By Christopher Lawrence
Las Vegas Review-Journal
“You don’t think this is an odd thing to tell me?”
It’s a question posed by an attorney known only as The Counselor (Michael Fassbender) to Reiner (Javier Bardem), a flashy nightclub owner, after he delights in sharing a particularly graphic, erotic, yet ultimately hilarious yarn.
Reiner’s story is, in fact, a very odd thing to tell someone. But, then, “The Counselor” is full of little else but odd things, many of which are told to people against their will.
With his first screenplay, Cormac McCarthy (“No Country for Old Men”) and director Ridley Scott have unleashed what’s either a soon-to-be-legendary misfire destined for a midnight cult audience or a work of staggering genius that operates on a level too advanced for me to grasp.
I’m leaning toward the former, but it’s pretty much a pick ’em.
The plot, such as it is, revolves around The Counselor’s efforts to make some quick cash through a drug deal facilitated by Reiner and a verbose middleman named Westray (Brad Pitt), who looks like the frontman for an alt-country collective.
Both go out of their way to warn him of the dangers involved. But, either despite or because of his recent engagement to the lovely Laura (Penelope Cruz), The Counselor goes through with the deal, with predictably disastrous results.
Set mostly in El Paso, Texas, with side trips to Amsterdam, London, Chicago and Boise, Idaho, the sexually charged crime drama is a little bit “Traffic,” a little bit FX’s “The Bridge,” and a whole lot bonkers.
“The Counselor’s” real highlight — or lowlight, depending upon your point of view — is Reiner’s girlfriend, Malkina (Cameron Diaz).
First seen chasing a cheetah on a horse — she’s on the horse, the cheetah isn’t; that would be too weird even for this — Malkina sports a gold tooth, gleaming silver nails and jewelry the size of small birds.
She enters a confessional to quiz a priest on all the dirty sex stuff he hears, tries to seduce Cruz’s Laura while lounging mostly naked by a swimming pool, and at one point, the focus of Reiner’s aforementioned “odd thing,” she makes love to the windshield of a Ferrari.
Let that sink in for a minute.
It’s the sort of role Madonna would have played, or at least fought vigorously for, back in the day. But Malkina is given a run for her seemingly bottomless supply of money by Reiner.

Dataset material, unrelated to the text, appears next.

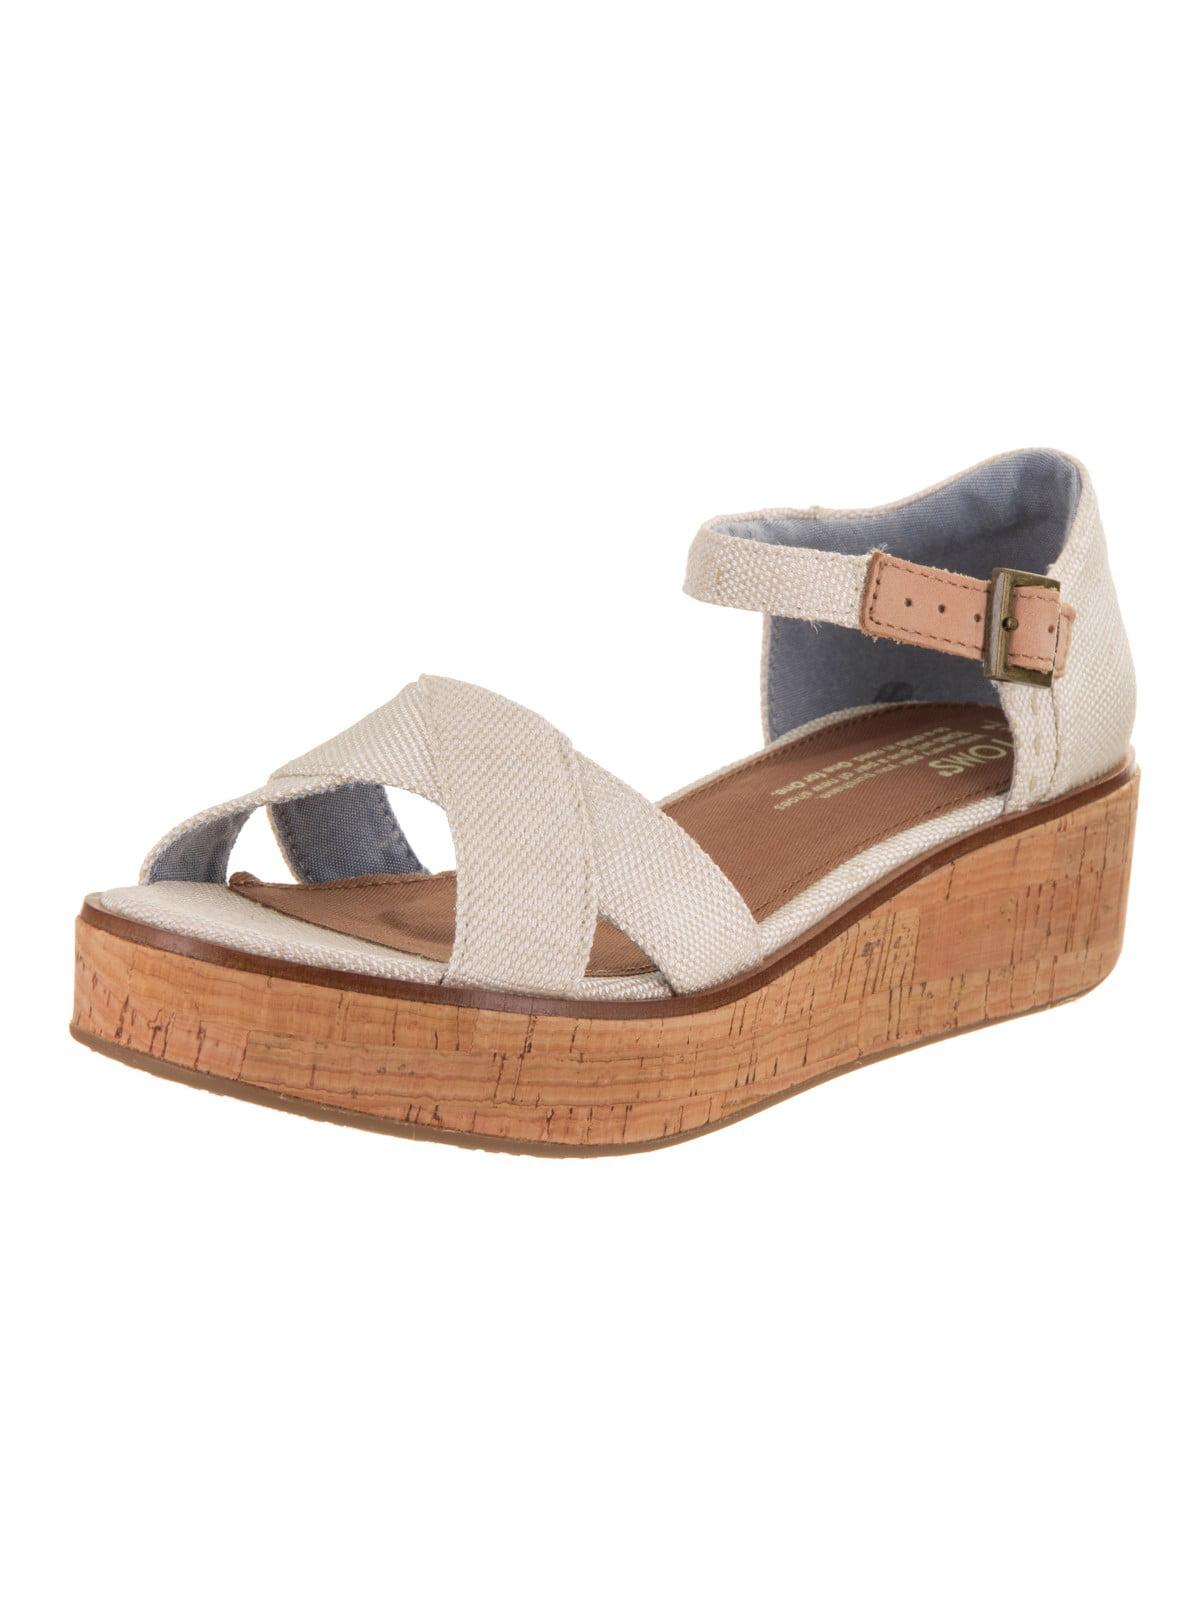 Toms Women's Harper Wedge Sandal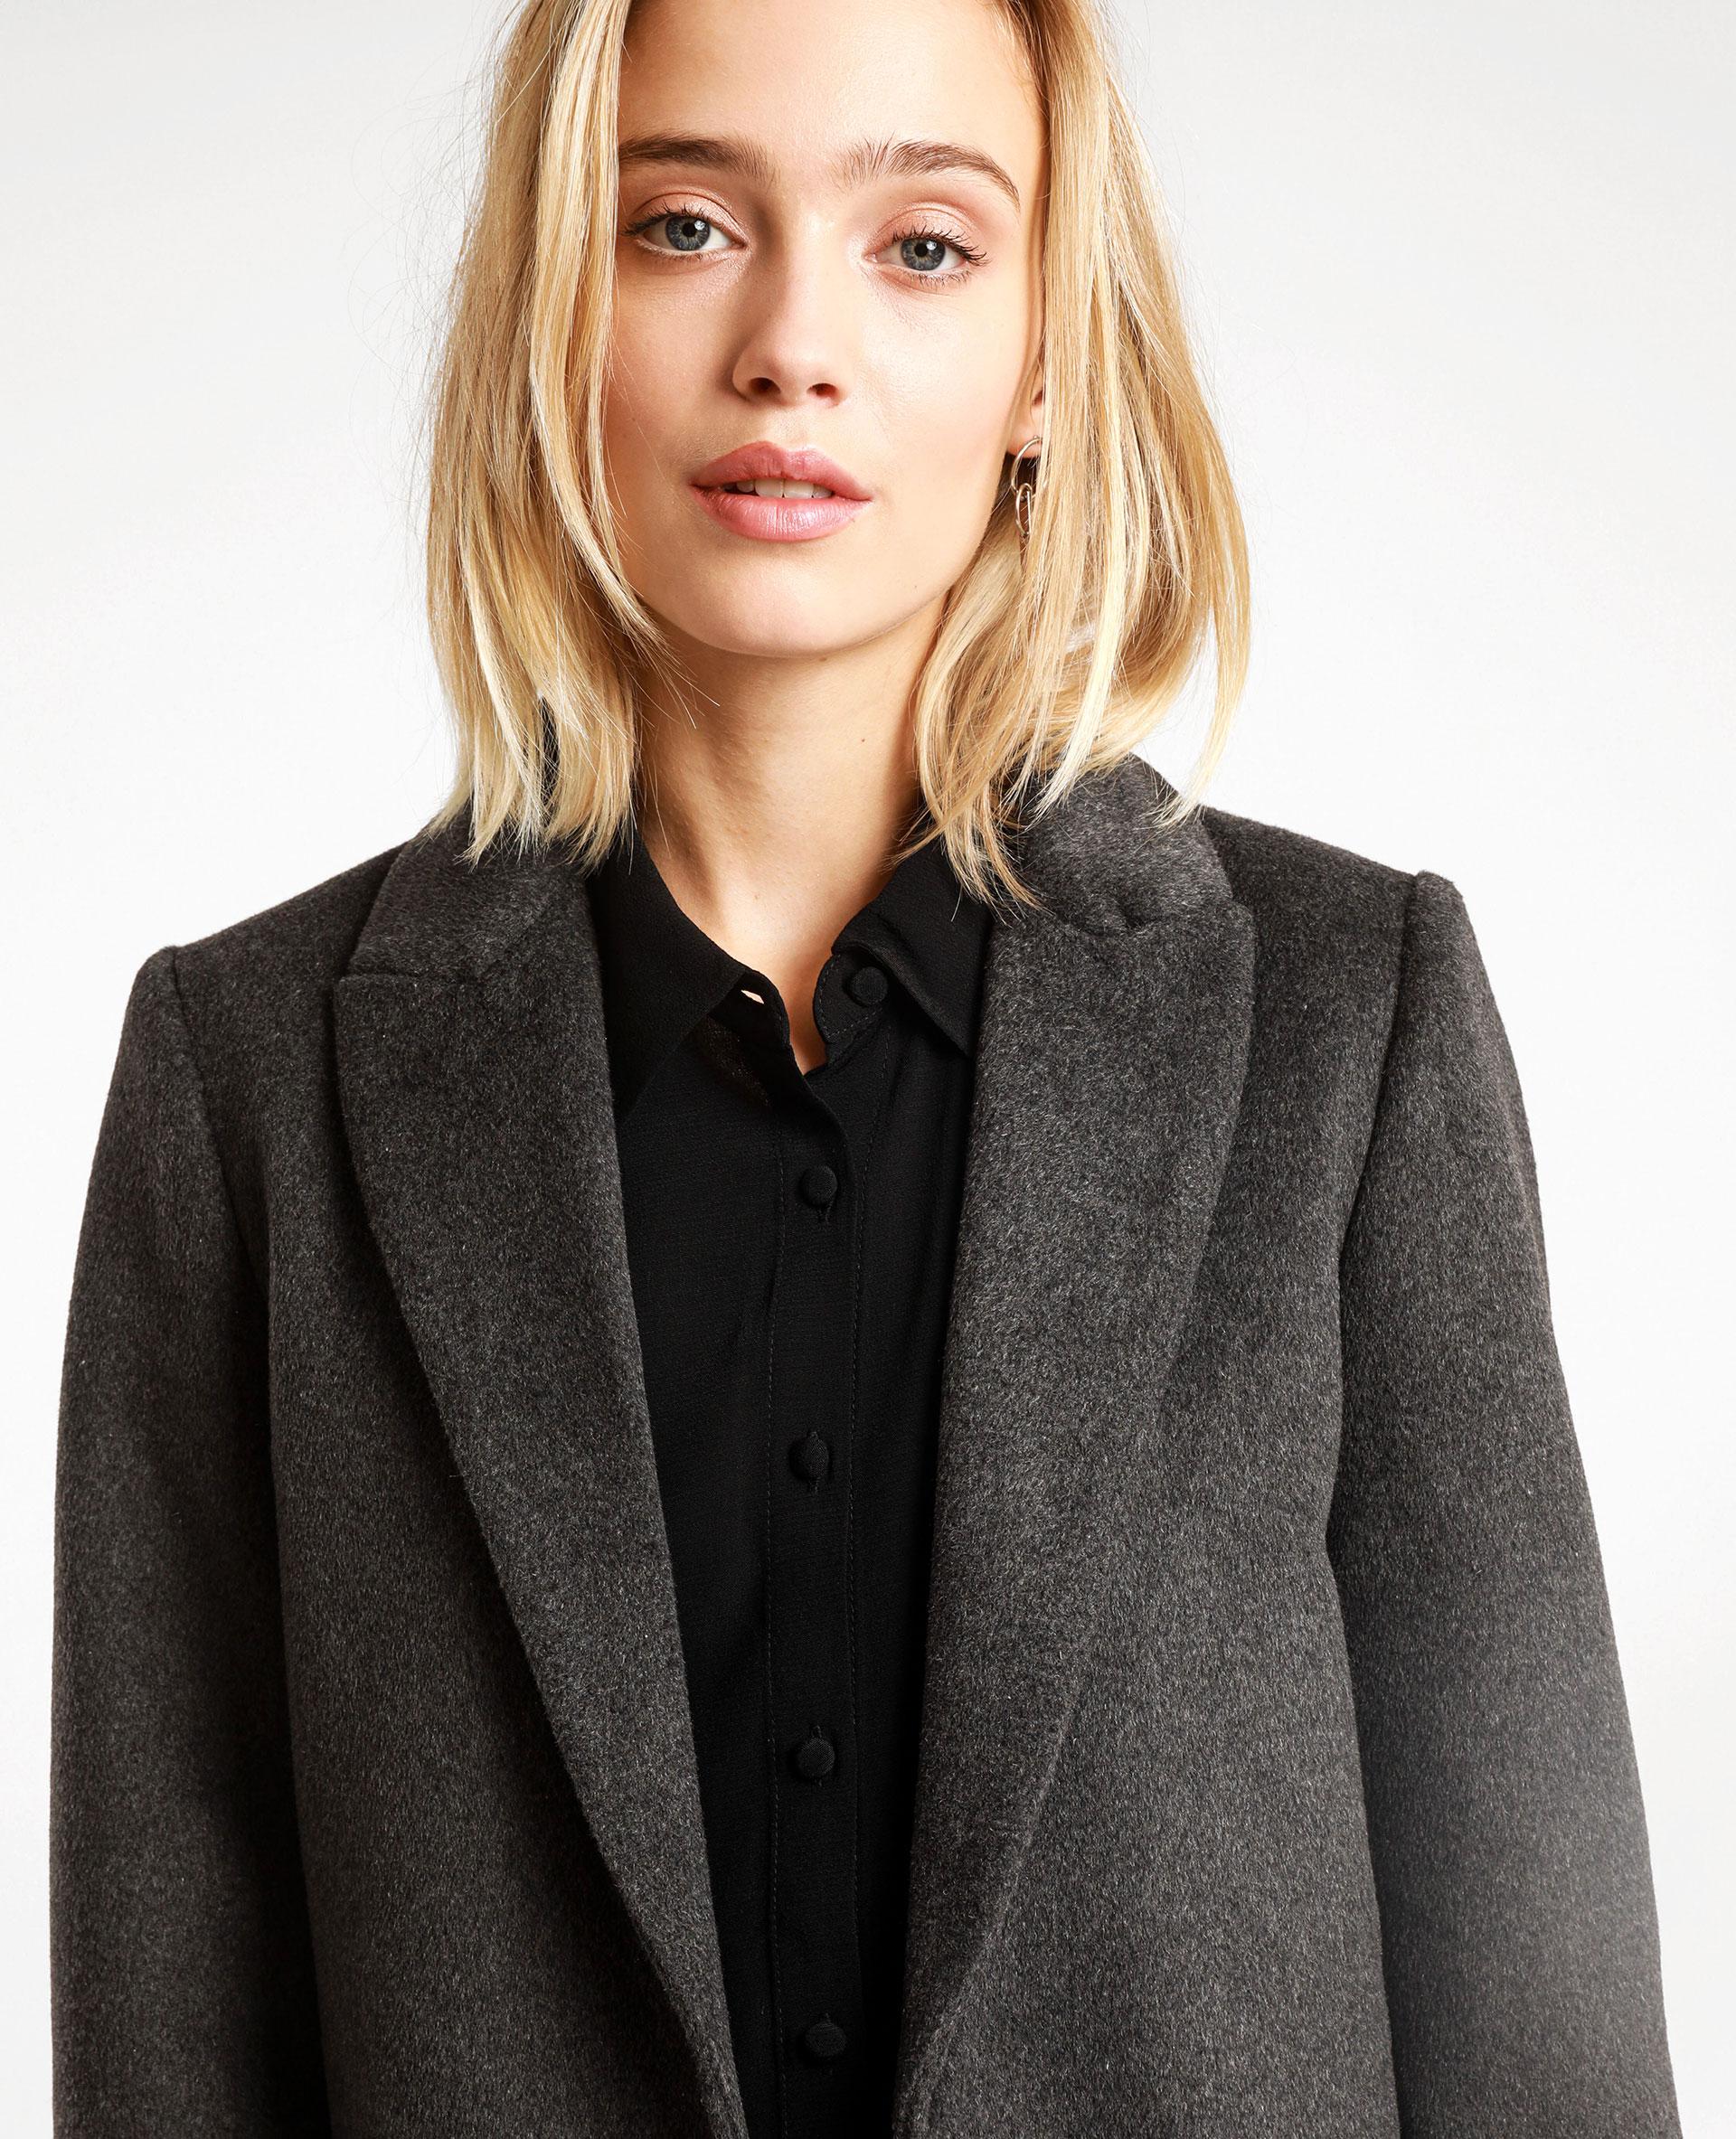 Manteau drap de laine droit gris anthracite 280237824A08

With his finger-in-a-light-socket hair, he’s a Versace cowboy who’s never met a dozen colors he doesn’t like. Reiner literally lives in a glass house. Together, they’re like the lyrics to Lorde’s “Royals” sprung to life.
With all that going on, it’s no surprise that they completely overshadow The Counselor. Although when things get really, really bad, in ways that are too muddled to comprehend, Fassbender gets to weep so violently he snots himself. Nearly two hours worth of emotion are condensed into that one scene.
Of all the many things “The Counselor” is, natural isn’t one of them. But it’s difficult to sound anything like a human being while delivering such throwaway lines as “I never knew my parents. They were thrown out of a helicopter into the Atlantic Ocean when I was 3.”
McCarthy’s dense dialogue and peculiar rhythms leave pretty much everyone at one point or another to sound as though they’re reciting a language they don’t fully comprehend. Portions of the script may as well have been written in Aramaic. And there are long, curious stretches where, gun to my head, I couldn’t tell you what was happening or to whom.
Odds are, it involved either sex or money.
But I’d happily go back for some further investigation.